By Ayobami Adedinni
As the Federal Government, is set to auction N117.18billion treasury bills this week, analysts at Meristem Wealth Management Limited, have said demand level will remain buoyant.
According to them, despite the decline in subscription levels over subsequent auctions, demand for the 364-day instrument has remained significant in recent Primary Market Auctions.
They said, “The Central Bank of Nigeria (CBN) is scheduled to hold a Treasury Bills (T-Bills) Primary Market Auction (PMA) on the 29thof November 2017.
“T-bills worth N117.18 billion will mature in 91-day, 182-day, and 364-day instruments accordingly, while an equal sum is expected to be issued across the same tenors.
“The CBN is expected to auction N26.14 billon, N11.01 billion and N80.03 billion in the 91-day, 182-day, and 364-day instruments respectively.
“The secondary market for Treasury bills has been characterized by bearish sentiments since the last Primary Market Auction (PMA) on the 15th of November 2017. Sell pressures were witnessed on all instruments save for the 9M instrument which recorded a yield decline of 0.29 per cent.
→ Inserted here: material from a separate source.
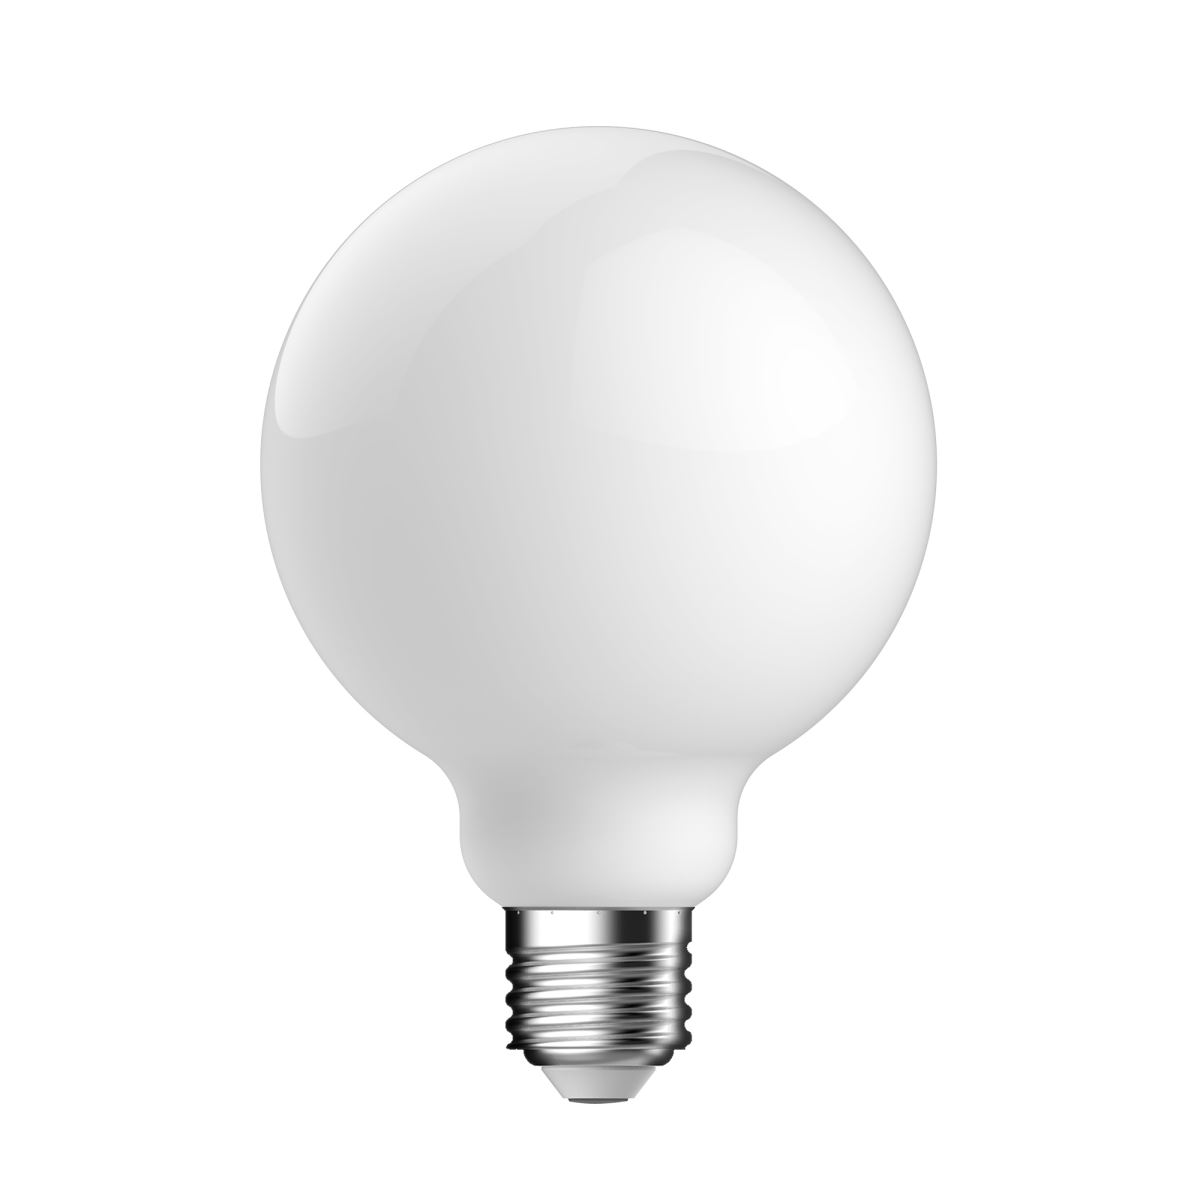 Nordlux Energetic LED Leuchtmittel E27 G95 Filament weiß 1055lm 2700K 8,6W 80Ra 360° dimmbar 9,5x9,5x13,7cm von Energetic

“The 1M, 3M, 6M and 12M instruments witnessed yield increases of 1.10 per cent, 0.20 per cent, 0.15 per cent and 0.11 per cent respectively. Consequently, the average Treasury bills yield for the period advanced by 0.26 per cent to settle at 17.29 per cent on the 23rd of November 2017.
“Given the dearth of issuances of longer tenor instruments in OMO auctions, demand for the 364-day instrument has remained significant in recent Primary Market Auctions, although we note the decline in subscription levels over subsequent auctions.
“The 364-day instrument was oversubscribed by 1.30x at the last auction, while the bid to cover ratio on the 91-day and 182-day instruments were 1.01x and 1.00x respectively.
“On the 20th of November 2017, the Federal Govern-ment of Nigeria issued Eurobonds worth $3.00 billion, from its Global Medium Term Note Programme of $4.50 billion, split equally between the 10-year (6.500 per cent) and 30-year (7.625 per cent) series.
“The issues were well oversubscribed at the conclusion of the book build, with a total subscription amount of $11.40 billion, indicating an oversubscription of approximately 3.80x.
“The proceeds from the auction are expected to be used to fund approved budgetary expenditures and also refinance domestic debt. We expect this to drive demand at the PMA in the near term, given the expectation of reduced domestic borrowing.
“Moreover, the Monetary Policy Committee’s decision to maintain the MPR at 14% is expected to keep the yield environment attractive. Consequently, we expect demand level to remain buoyant at the next auction.
“The income from investing in T-Bills is tax-free, so interest received is not subject to withholding tax and you will receive an immediate Investment confirmation letter for the Treasury bills. Also, note that the T-Bills certificates can be used as collateral for securing loans,” they said.